PHILADELPHIA – About 20% of soldiers who return from deployment in Iraq or Afghanistan develop chronic daily headache after blast exposure or concussion, according to data from a preliminary study.
Dr. Brett Theeler and his colleagues found that newly returned soldiers who had been exposed to blast explosions within 60 feet of them and those who suffered concussion injuries with or without loss of consciousness were likely to develop headache within 1 week of their experience.
After returning to the United States, soldiers who screened positive for a concussion, blast exposure, or traumatic brain injury completed a 13-question headache survey. Chronic daily headache was defined as headaches occurring at least 15 days per month.
In the cohort of 5,270 soldiers who completed the survey, 957 screened positive for any of the risk factors: of those, 196 were classified as having chronic daily headache (CDH) and 761 did not have CDH.

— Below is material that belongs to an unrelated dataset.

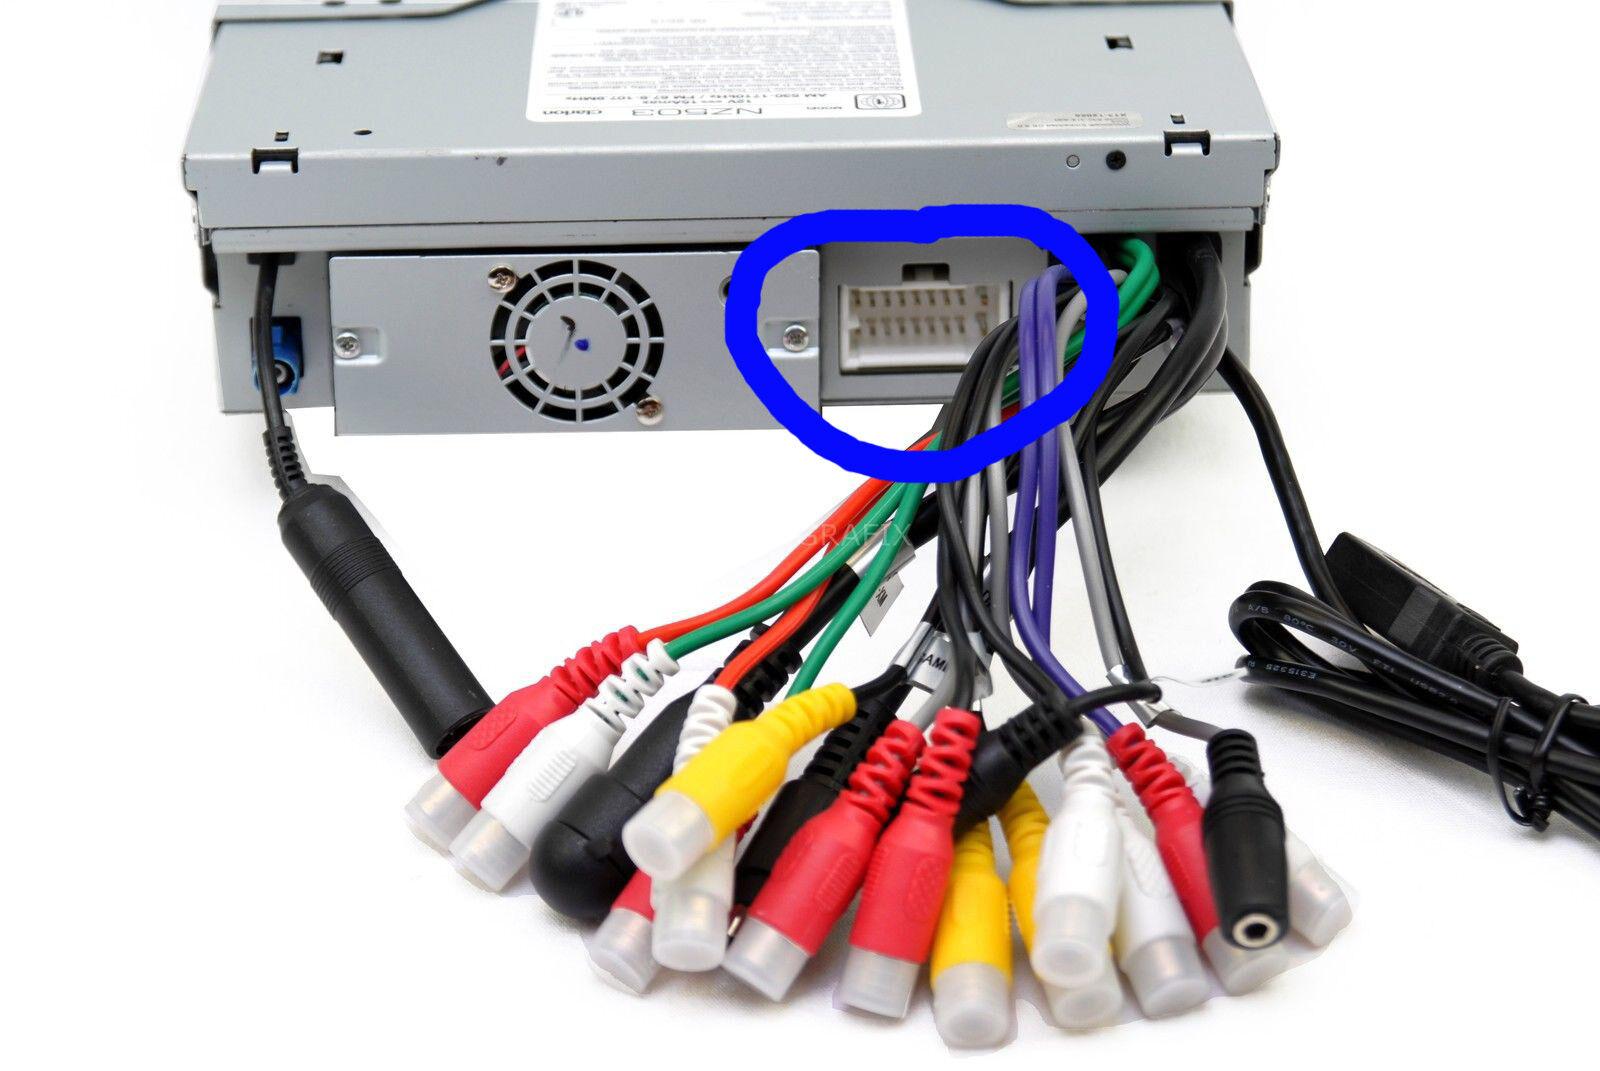 clarion cmd6 wiring diagram honeywell he360a furnace humidifier cmd4 16 pin

The mean headache frequency was 23 days per month for the CDH group and 5 days per month for those in the non-CDH group. Headaches were migraine type in 66% of soldiers with CDH and 48% of soldiers without CDH. Most of those with CDH (55%) developed headaches within 1 week of having had a concussion, compared with 33% of those without CDH, Dr. Theeler reported at the International Headache Congress.
Soldiers with CDH were also exposed to more blasts on average than those without CDH (6 vs. 5, respectively). Although the average difference in blast exposure was small, there was a very wide range of exposures among those with CDH, “leading us to consider that there may be a dose-response relationship between blast exposure and headache,” said Dr. Theeler, a neurologist and U.S. Army captain at the William Beaumont Army Medical Center in El Paso, Tex.
More than twice as many solders with CDH also screened positive for posttraumatic stress disorder, (40% vs. 17%), he said.
Dr. Theeler said his data were preliminary and he had not yet performed any regression analyses to determine hazard ratios.
However, he published a recent article suggesting that a history of mild head trauma consistent with blast exposure was present in 50% of soldiers who screened positive for headache upon returning from Iraq or Afghanistan (Headache 2009;49:529–34).
The International Headache Society and the American Headache Society sponsored the congress.